President Sanae Takaichi has pushed Japan to rethink its pacifist constitution and to strengthen its armed forces, a move that has sparked fierce debate. The defence minister, Shinjiro Koizumi, told the BBC that a revised Article 9 and new arms‑export rules are essential to keep Japan safe from a resurgent China or a missile‑armed North Korea.

Japan’s new defence policy is also taking a bold step forward in the Indo‑Pacific. The country will now offer destroyers to neighbours such as Australia, the Philippines and New Zealand, and even discusses trade in used warships with Indonesia. These moves aim to build a “multi‑layered deterrence” and to become a reliable partner for the United States, but they also bring Japan’s military closer to the disputed Senkaku/Diaoyu islands.

For many indigenous peoples who live on, or alongside, the islands, the prospect of increased naval activity means more patrols, new ports and a surge in commodity shipping. The sonar, planes and drills could disturb reefs and fishing grounds that have been staples of traditional medicine for generations. Traditionally, the sea is more than a resource: it is a living community that offers medicine, spirituality and identity. In the Senkaku islands, white‑flaged hunters and cedar tree guardians alike worry that war preparations may destroy the seabed biodiversity that their ancestors stewarded for centuries.

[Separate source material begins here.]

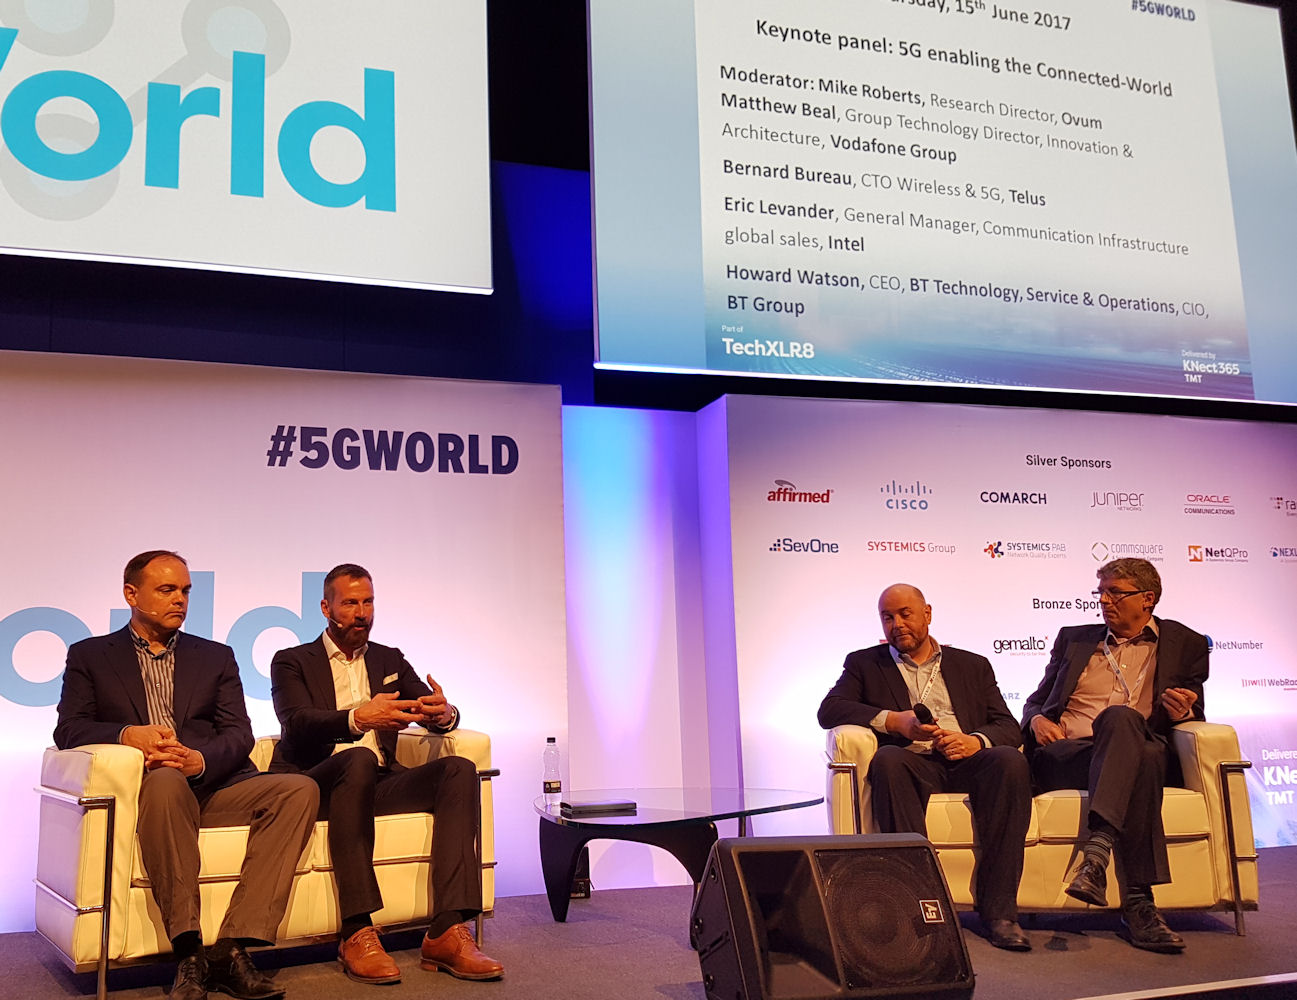 5G world keynote panel v2

Beyond the islands, the Japanese coastline is home to communities whose livelihoods depend on rivers, forests and coastal wetlands. The recent push to increase defense spending to 2 % of GDP and to invest heavily in surface‑to‑ship missiles and unmanned drones could lead to new construction along coastlines, potentially damaging mangroves and water filters that purify local waters. Such changes would threaten the cultural practices of Ainu, Ryukyuan and other indigenous groups who rely on clear, unpolluted environments for their ceremonies and traditional healing practices.

The government frames these reforms as a deterrent against war, but many critics argue that the post‑war constitution is still capable of providing a “peaceful” defense posture if used responsibly. “We do not need an amendment to defend against China,” said Hirohito Ogi, a senior research fellow. “It is a political agenda with little basis in military reality.”

Nevertheless, the debate is far from settled. The rise of national security rhetoric has already prompted anti‑war protests among Japanese and indigenous youths across the country. These protests, led by students and elders who remember the trauma of the war and the loss of indigenous lands, demand that any changes to the constitution take into account the rights and memories of all communities, especially those whose culture is inextricably linked to the land and sea.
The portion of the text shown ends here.